Еще более невыносимо, если это можно себе представить, Лист вел себя в серьезных отношениях со взбалмошной и крайне состоятельной княгиней Каролиной Сайн-Витгенштейн. Княгиня была ревностной католичкой (чему не мешала незаконная связь с Листом). Она полагала, что имеет перед Мари моральное превосходство и, убедив Листа, что та была плохой матерью, заставила его забрать у Мари детей: Бландину, Козиму (впоследствии вышедшую замуж за Рихарда Вагнера) и Даниэля. Отныне их воспитанием занималась набожная гувернантка, а с матерью они видели всего раз в год; Лист же сосредоточился на том, чтобы прославлять Вагнера.

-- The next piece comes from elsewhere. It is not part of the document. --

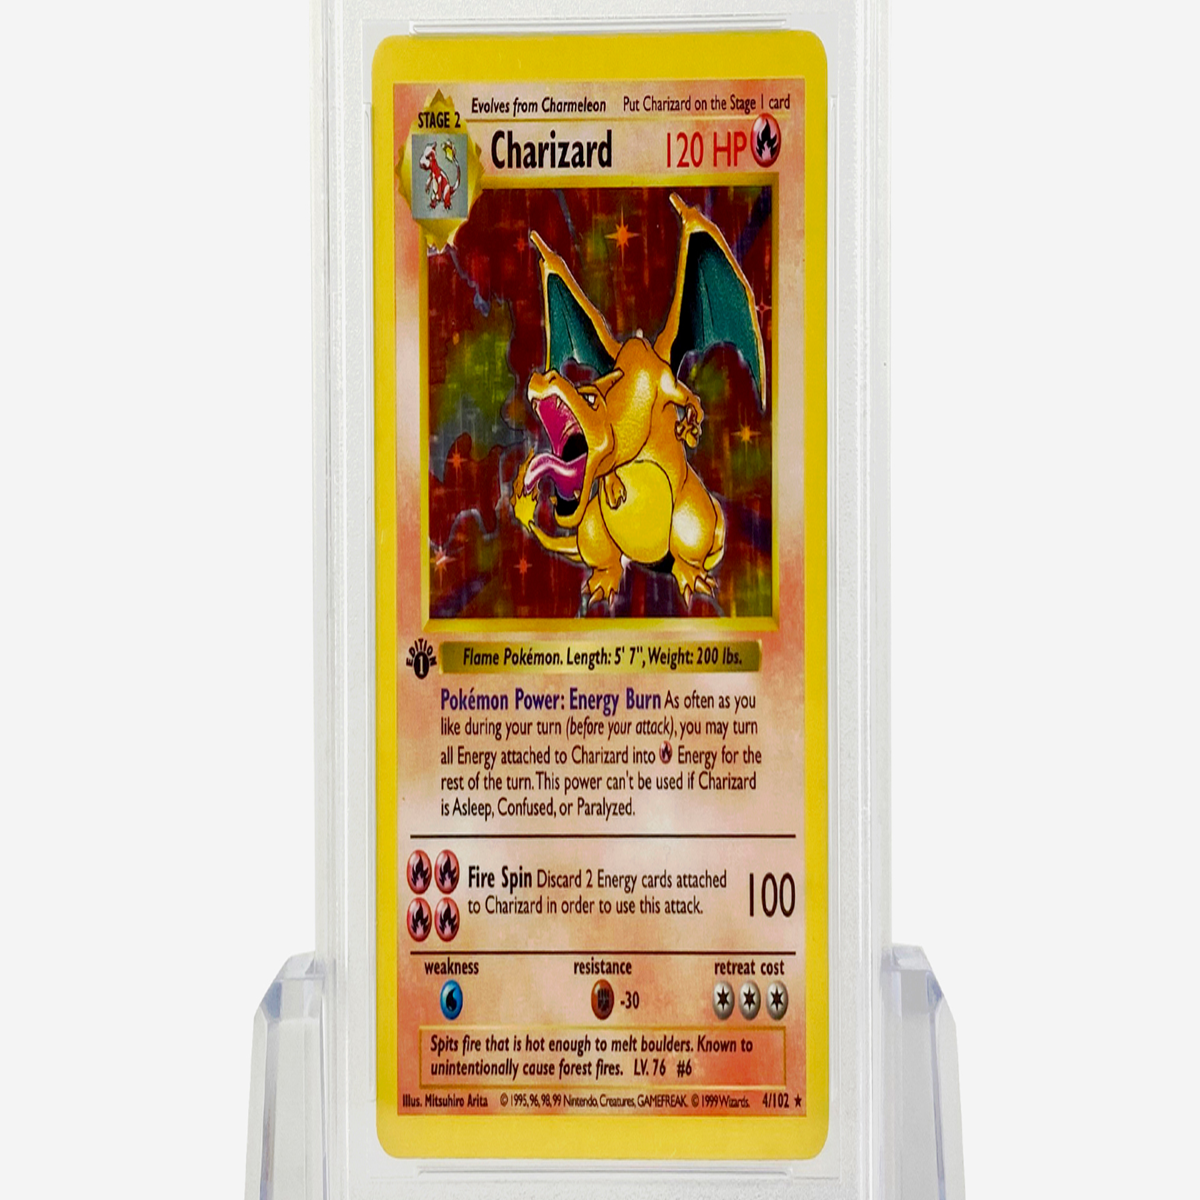 1999 shiny Charizard Pokémon card sells for record £169,000

По иронии судьбы писать Мари начала, когда пыталась способствовать карьере Листа, сочиняя статьи, которые он подписывал своим именем. Свое имя на литературном поприще она приобрела, написав историю революций 1848 года[206]
. Под влиянием Эмиля де Жирардена она стала плодовитой журналисткой, а при Наполеоне III она была хозяйкой салона, где собиралась интеллектуальная оппозиция. Но эти успехи не заставили ее простить Листа. Другой великой любви у нее уже не было, она осталась трагической героиней и покинутой музой[207]. В первые годы своей связи с Листом Мари сблизилась с Жорж Санд, но они поссорились, когда Санд сказала Бальзаку, что отношения Листа и д’Агу могли бы послужить хорошим сюжетом для романа. Мари не сомневалась, что Санд сообщила Бальзаку красочные подробности истерик и сцен, которые она наблюдала, когда Лист и его возлюбленная гостили в загородном доме Санд в 1839 году; и Бальзак действительно написал свою «Беатрису», отчасти взяв за основу отношения Листа и д’Агу.Удивительно, что, несмотря на все это, из четырех упомянутых женщин-писателей лишь Луиза Коле принадлежала к убежденным феминисткам (но даже ее феминизм выражался главным образом в ее творчестве). При этом все четыре придерживались самых радикальных для того времени политических взглядов. В 1840-е годы общество жаждало перемен, и права женщин стали предметом живого обсуждения. Так, например, «Женская Голгофа» Луизы Ганьёр обличала трудовую эксплуатацию женщин, а в ходе революций 1848 года, когда было учреждено множество революционных клубов, последовательницы сенсимонизма агитировали за предоставление женщинам права голоса. Тогда же Эжени Нибуайе, возглавлявшая «Женский клуб», предложила кандидатуру Жорж Санд в качестве первой женщины — члена нового законодательного собрания. Хотя Санд писала о страданиях эксплуатируемых женщин из рабочего класса и на тот момент принадлежала к крайним левым республиканцам, она отвергла предложение Нибуайе и дистанцировалась от сенсимонизма[208]
. Причиной того, что женщинам богемы не удалось найти общий язык с политическими активистками и представительницами рабочего класса, можно считать романтическую веру в свой гений, которая была изощренной формой индивидуализма. Убежденность в собственной гениальности, противоречившая идеям общности и солидарности, которые лежали в основе богемного общества, порождала соперничество и зависть. К тому же, писательнице или художнице для того, чтобы достигнуть успеха, требовалось еще больше веры в себя, чем ее коллегам мужского пола, и сознание своей общности с другими женщинами в каком-то смысле противоречило убежденности в собственном выдающемся таланте. Нельзя исключать, что независимые женщины, променявшие семейный комфорт на яркую жизнь, такие как Санд, все же по-прежнему стремились обособиться как от мужланок из революционных кружков, так и от проституток и гризеток со дна богемы.Гризетками были швеи и продавщицы Латинского квартала: словом «grisette» называлась серая материя, из которой были сшиты их платья. Эти молодые женщины принадлежали к рабочему классу, но соприкасались с миром моды, за счет чего приобретали черты утонченности и элегантности — как и их богемные любовники, они занимали маргинальное положение в обществе. Согласно распространенному сюжету богемной мифологии, они какое-то время сожительствовали со студентами или художниками, а потом счастливо выходили замуж за представителей своего класса. Для мужчин из богемы это был лишь приятный, но проходной эпизод, о котором они в лучшем случае будут вспоминать с легкой улыбкой, а для девушек подчас оборачивался слишком тривиальной историей о соблазнении и предательстве. Такие отношения часто связывали мужчин из среднего класса и девушек из рабочей среды, и богема в этом отношении шла давно проторенной тропой.